Слушал я Побора, а у самого поджилки тряслись, и слово это жуткое, вестником брошенное, в голове вертелось. Огромным оно казалось, неведомым и оттого пугающим.
Помню берсерка, который, Одина в помощники призывая, сквозь ратников древлянских ко мне прорубался. Валил людей, словно дерева в сыром бору. И с ним слово это было. Сам он был для меня этим словом и смерти моей хотел.
Помню, как скакали мы с чехом и фряжским риттером, сквозь лес проламывались. Ручейки и речушки перемахивали, зверями затравленными таились в чаще буреломной. Бежали словно зайцы перепуганные, а слово это за нами гналось.
А тогда, в Ольговичах, слово это слаще меда духмяного показалось. Избавление оно принесло, в истинную Явь вернуло. Протрезвило от морока страшного. Понял я, что не демоны Маренины вокруг меня пляску устроили, а люди судьбой обиженные, потому и злые. Слово это мне сил придало и разум на место вернуло. Надежда в душе буйным цветом распахнулась, когда Гойко, сын Сдебуда, секиру свою поднял и закричал пронзительно:
— Варяги!
А мне это слово прекрасной музыкой показалось.
24 мая 949 г.
Тихо плещется река за бортом ладьи. Поскрипывают весла в выймицах, [54] песню свою замысловатую поют. Убаюкивают. Все, что накануне приключилось, сном глупым кажется. Лютым дурным сном.

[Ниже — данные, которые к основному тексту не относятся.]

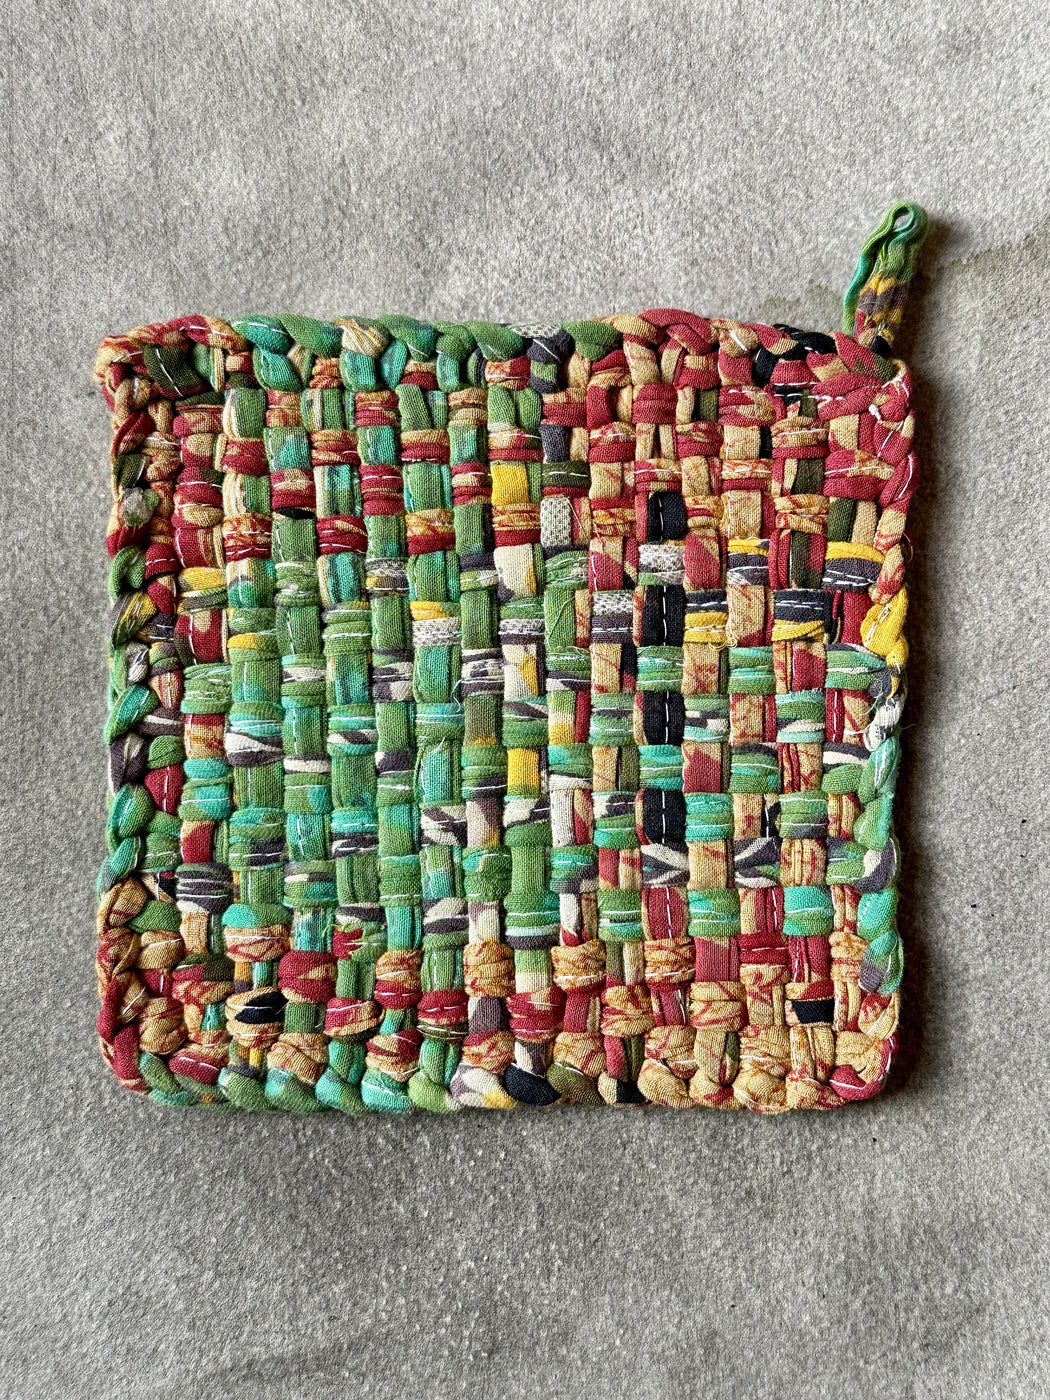 Woven Cotton Sari Potholders - Marigold and Green

И уже не такой жутью видится вчерашнее. Словно сквозь туман смотришь, и расплывается все…
Русь вдарила дружно. Это вам не дулебы, которые числом нас одолели. Эти умением взяли. Благо, что вражины все в кучу сгрудились, над страданиями рыбака потешаясь. За то и поплатились. Сшибли их ратники. Смяли, как жито ветер июльский сминает. Подрезали, что колосья налитые серп острый.
Отчаянно находники сопротивлялись, бились яростно — знали, что пощады не будет. Только куда им, дубинщикам, против мечей вострых? Как Гойко тулупчик спорный рвал, так и их рвать стали. Без лишнего шума и торопливости. Щиты сомкнули и к тыну придавили, а потом на части рассекли и поодиночке добивали.
Я сначала даже в толк взять не мог — откуда такая подмога подвалила. Только когда голос знакомый услышал, тогда понял, что это свои. И от сердца отлегло, и боль будто бы поутихла.
— Мама, смотри! Наша берет! Я их всех победю! — Святослав из затынной тьмы кричал. — Бей их, ребятушки!
И ребятушки били.
Не стесняясь.
От души.
Рубили со знанием дела, пока всех не вырубили. Только Гойко остался.